Unveiling the Aging Process of Organic Light‐Emitting Devices with Langevin and Hole Trap‐Assisted Recombination Exciplex Cohosts

Abstract

AbstractExciplex‐forming cohosts have gained increasing interest due to their promising performances in organic light‐emitting diodes (OLEDs). Such electroluminescent stabilities of the exciplex cohosts depend on their charge‐carrier recombination. But intrinsic relationships between the recombination schemes and the electrical aging process of the exciplex cohosts are yet to be revealed. In this case, exciplex cohosts with two different recombination schemes, namely trap‐assisted recombination (TAR) and trimolecular Langevin recombination (LR), are compared. The LR‐dominated device achieves T90 lifetime (time to 90% of initial luminance) of ≈8600 h at luminance of 1000 cd m−2, which is >2.3‐time lifetime improvement compared with the hole TAR‐dominated ones. The corresponding degradation analyses confirms that hole carriers in hole TAR‐dominated cohosts are captured by phosphorescent guests, accelerating p‐type cohost deterioration through exciton‐polaron decomposition on susceptible aromatic amine groups, which reveals the electrical aging mechanism of exciplex cohost based devices.
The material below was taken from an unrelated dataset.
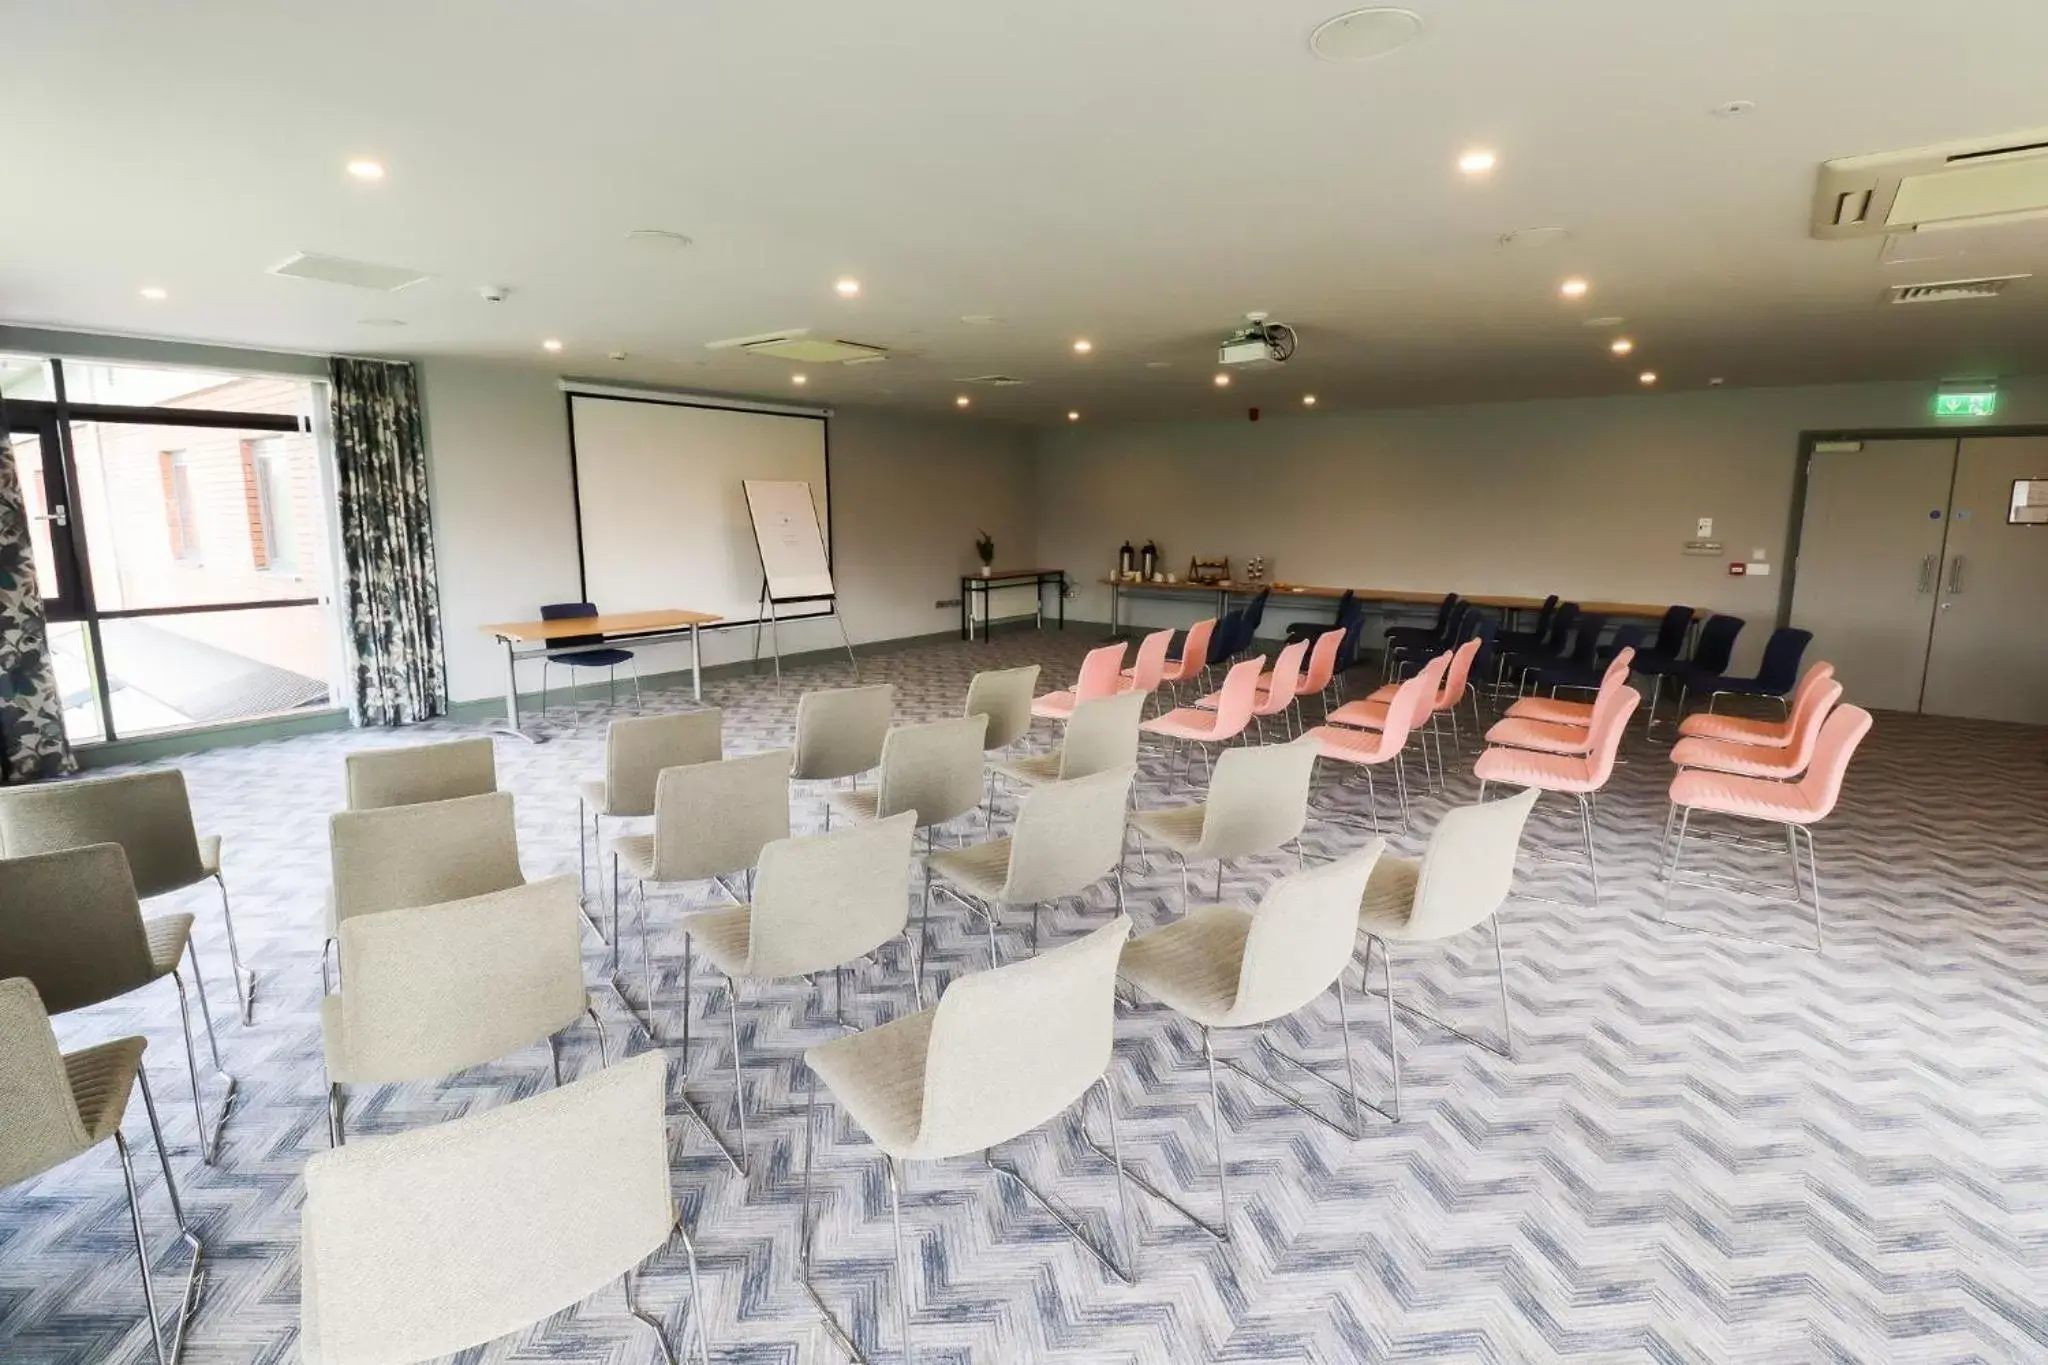 Meeting/conference room, Banquet Facilities in The Hoban Hotel Kilkenny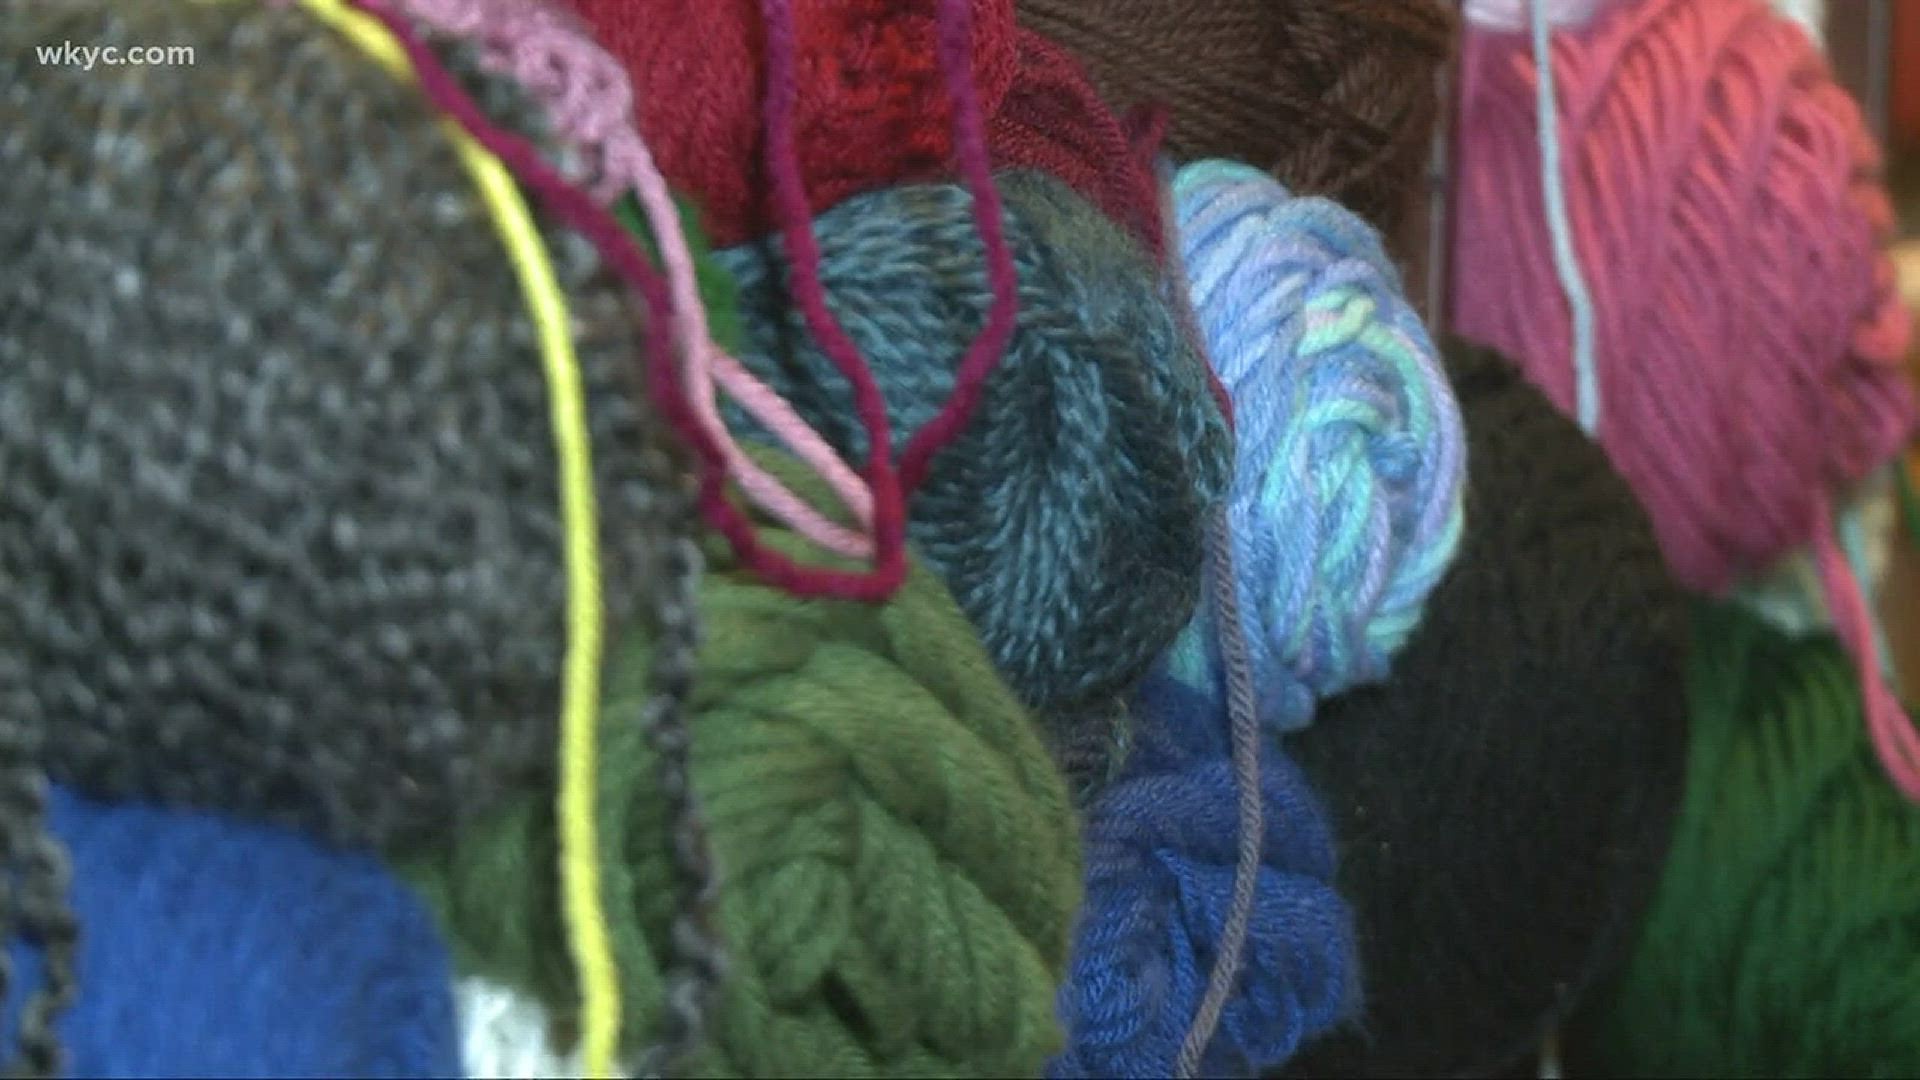 Local woman pledges to make afghans for those in Hospice

Moreover, exciton managements of the recombination region further suppress luminous decline and release undesirable exciton–exciton annihilations. The current findings offer an in situ technique to observe exciton and charge carrier aging processes with different recombination mechanisms and provide a general guidance for the development of highly efficient and long‐lifespan exciplex cohost based OLEDs.